Google has finally developed a deep learning tool that identifies breast cancer that has spread to lymph nodes in pathology slides with 99% accuracy. It would surely reduce the average slide review time.
Detecting how far cancer has spread within a patient’s body is a Herculean task. Especially, for breast cancer. In this case, we’ve to detect how far cancer has spread from a primary region to neighboring lymph nodes. Nodal metastasis is the key here. It influences observations circulating radiation and chemotherapy, resulting in timely and proper detection.
Nevertheless, clinicians have always struggled to determine correctly how far the disease has spread. Fortunately, Google’s AI team proved better and productive at determining metastatic breast cancer with a greater accuracy. Two research papers by Google AI team have implemented deep learning methods to address the consequential challenge, and have lent a helping hand to the pathologists for effectively detecting breast cancer.
An algorithm, known as LYNA, Lymph Node Assistant has been developed to identify the regions of tumors that have spread or metastasized. Till now, they were extremely difficult to be detected by normal clinicians. As a well-known fact, out of half a million deaths across the globe owing to breast cancer, more than 90% are as a result of metastasis.
The abovementioned technology from Google first appeared in 2017. According to a recent publication, the AI research team at Google was influenced by “gigapixel-sized pathology slides of lymph nodes from breast cancer patients” for curating such an advanced algorithm. Moreover, the blog post revealed that the system was also able to “accurately pinpoint the location of both cancers and other suspicious regions within each slide.” In some cases, the locations are so minute that pathologists may have a hard time trying to detect them accurately.
The best part about LYNA system is regarding the area of concern for clinicians, doctors and how to enhance the entire process of review and ultimate diagnosis. According to Google, the underlying principle of this technology is to help doctors detecting metastatic breast cancer instead of replacing the human workforce. Thanks to the study and of course LYNA, the pathologists are in a better shape to accurately detect the micrometastases.
“Pathologists with LYNA assistance were more accurate than either unassisted pathologists or the LYNA algorithm itself,” reveals the blog post.

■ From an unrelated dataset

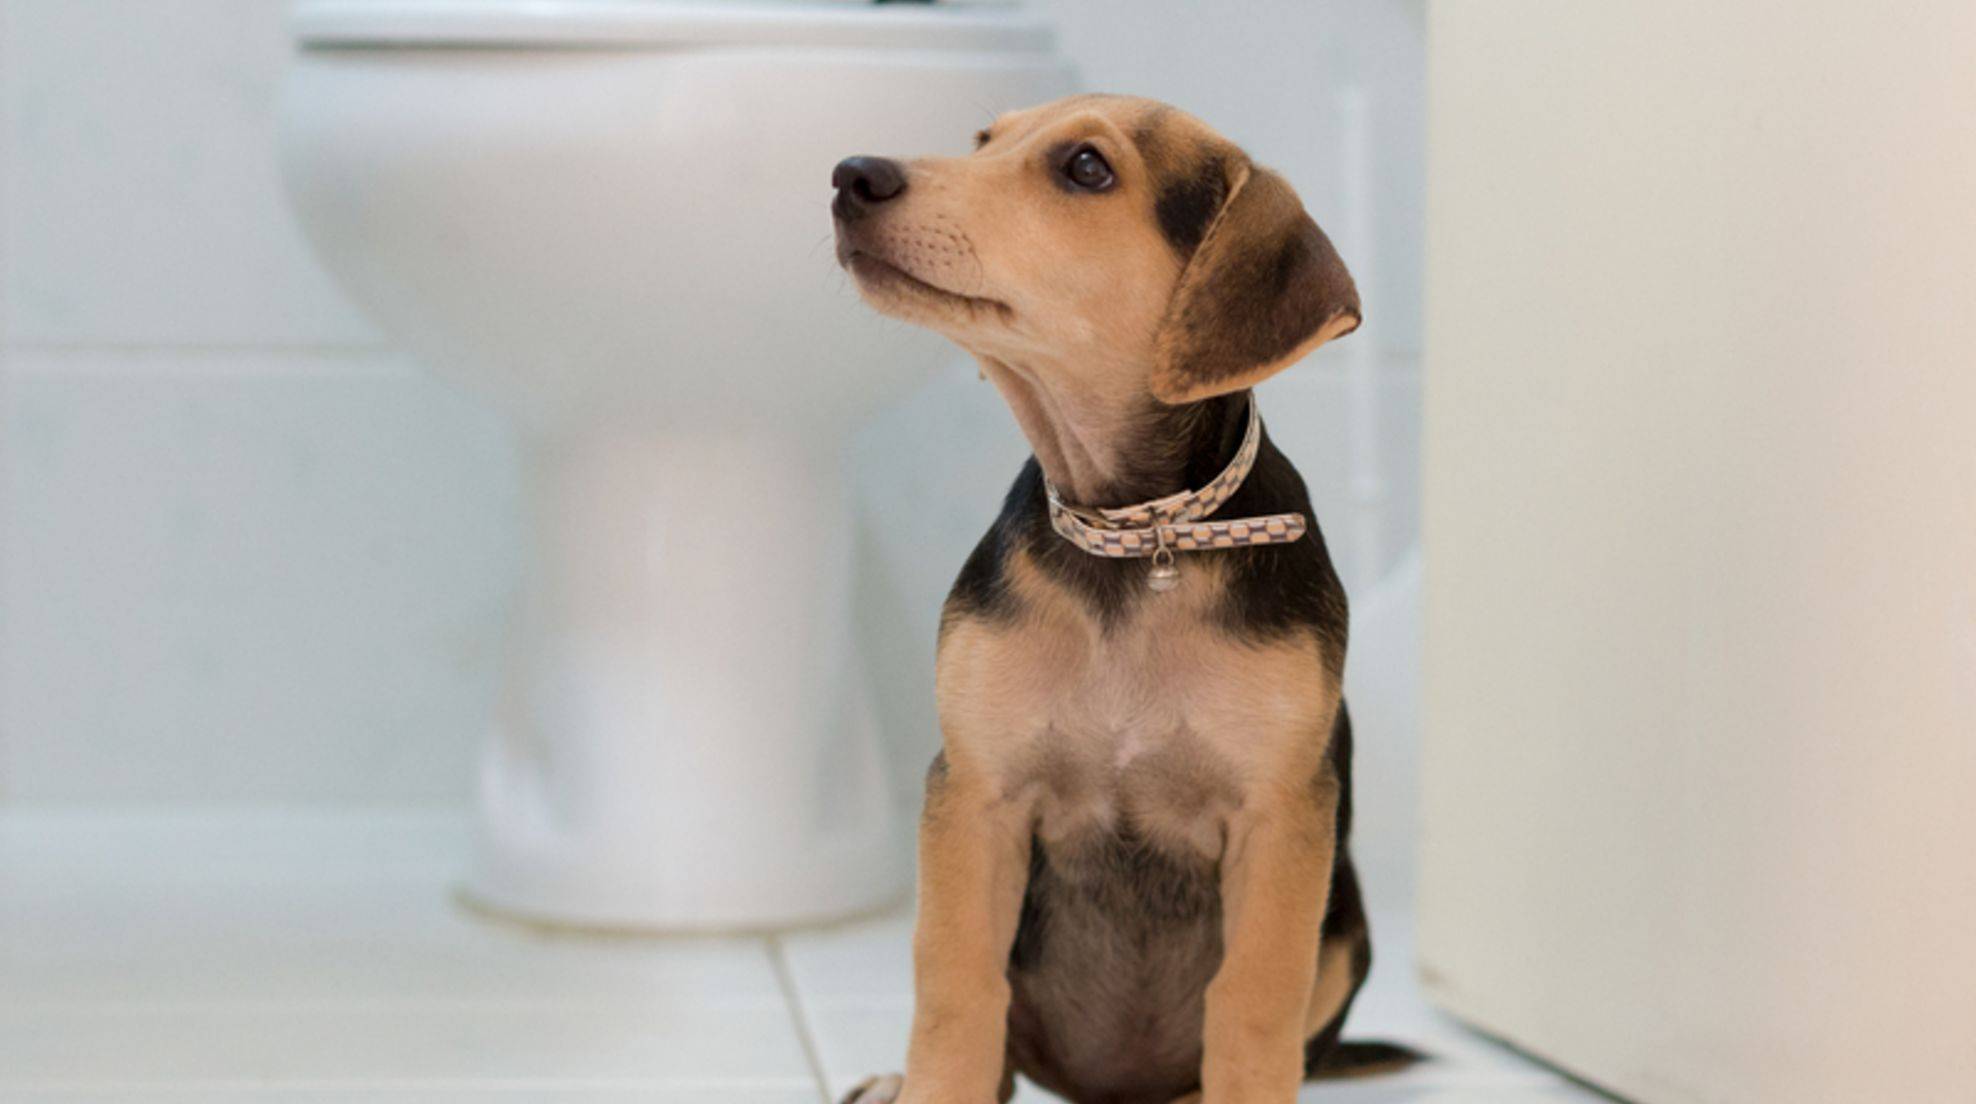 Dog drinking from the toilet: Is it dangerous?

This means the algorithms will become more productive when implemented by people, rather than working on their own.
However, the robust deep learning technology in question here does have some limitations – it works for limited dataset sizes. Further, only a single lymph node was scrutinized for every patient rather than multiple slides that would be common for a comprehensive clinical case. Thus, more detailed work needs to be done on LYNA before being applied to real-life patient situations.
For a detailed report, study “Artificial Intelligence Based Breast Cancer Nodal Metastasis Detection: Insights into the Black Box for Pathologists” as well as “Impact of Deep Learning Assistance on the Histopathologic Review of Lymph Nodes for Metastatic Breast Cancer.”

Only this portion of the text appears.